# Flourish Excel - good or bad?



## Dzikibyk

So after reading Amelia26's post regarding her plants I came across some interesting info......Flourish Excel and it's ability to kill plants. I've done some reading about it and can only come across some anecdotal stories of it melts this and kills that.

I've been using it since Jan and feel like my plant growth has exploded. The only ferts I dose are Excel and Fe. I've heard that cryptocoryne's are very sensitive and melt way as do algae and moss balls. I currently have amazon sword, cryptocoryne x 2, java fern x 2, moss ball, 4 leaf clover, 4 banana plants and all plants including the ferns are reproducing.....so I don't know if I believe the stories I've been reading. I don't plan on changing my dosing schedule since my 12g planted tank seems to stabilized and is flourishing.

What are you thoughts/experience with flourish excel? Any alternatives to organic carbon sources?....I'm not planning on setting up CO2 for 12g tank.

Thanks,
Dz


----------



## emc7

I believe to supply carbon, the choices are none, Excel, generic imitators that are the same stuff, DIY CO2, or pressurized CO2. I haven't heard of any other chemical alternative. There are pros and cons to all of these. Many, many people use Excel successfully and they sell a lot of it. But it does kill some plants (and incidentally, may help kill bba). Some people just avoid those plants, others use a lower dose or switch methods. Crypts melt for many reasons and often come back stronger.
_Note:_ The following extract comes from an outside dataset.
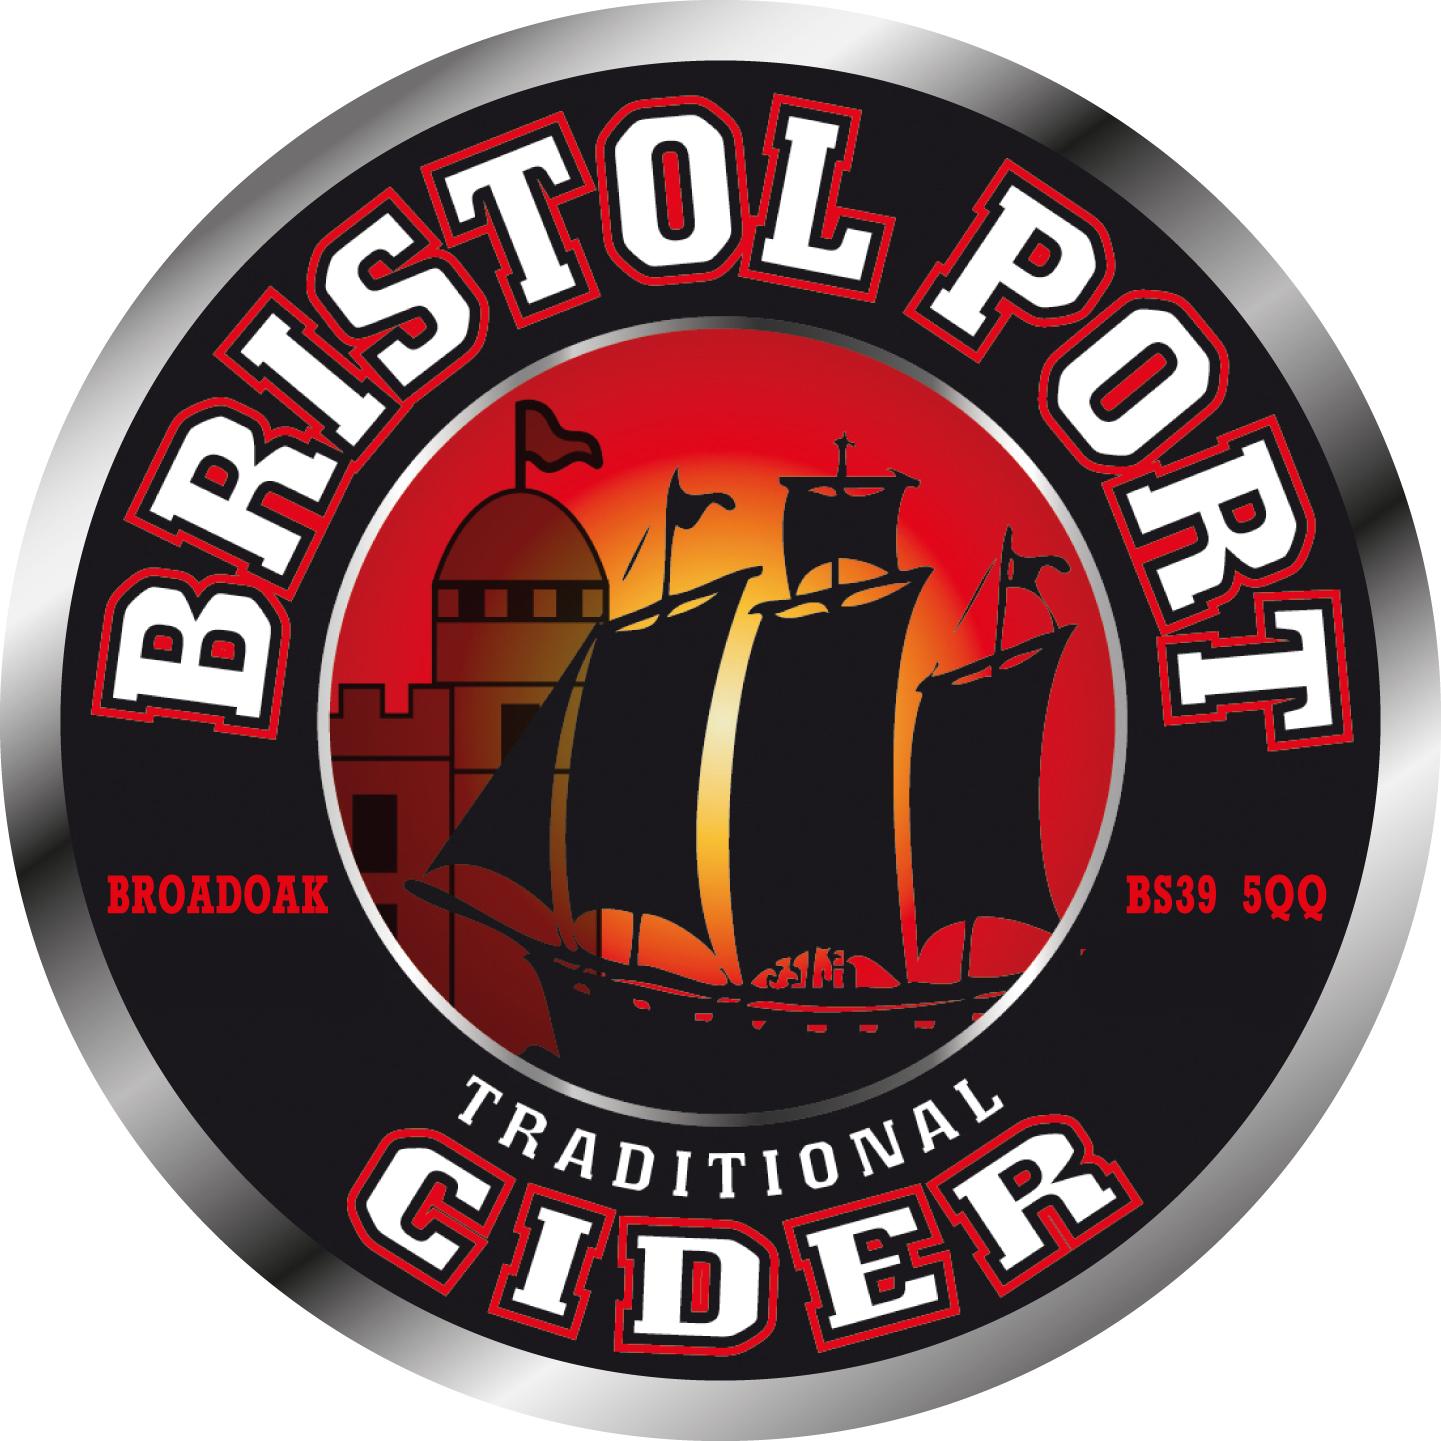 Broadoak Bristol Port 20Ltr Bag In Box Hazy 4.5%

I have used a double dose on bba tanks (you can squirt it directly on the bba for more effect) and have seen an reduction in bba and no harm to java fern. But daily dosing and keeping it in the fridge is drawback for me. So I only used 1 bottle.


----------



## Amelia26

i really think it was me adding to much. this is my first planted tank and i didnt realize that to much ferts could harm the plants. ive also done some digging and i have just reduced my doses to once or twice a week. also i think im going to stop all fert except just plain flourish cuz most of my plants look like they are melting. i have the crypt wendetii, i think they are sagiteria something another, the lace java fern, and the amazon swords look like they are melting. everything was looking good but now the new growth is looking brown around the edges and some of the leaves are turning yellow. my aponogetons are growing wonderful. ive got 3 new plants im waiting to grow roots so i can plant them. my christmas moss and the anudis are doing ok. i dont know, maybe its because the tank is still cycling.


----------



## emc7

Its all about balance. You need the right amount of the right ferts with the right amount of light. If you increase growth by changing one thing, the plant may run out of something else, forcing you to add potassium or another nutrient. It will take some time to get everything balanced to the point you can add things on a schedule and everything will do well.


----------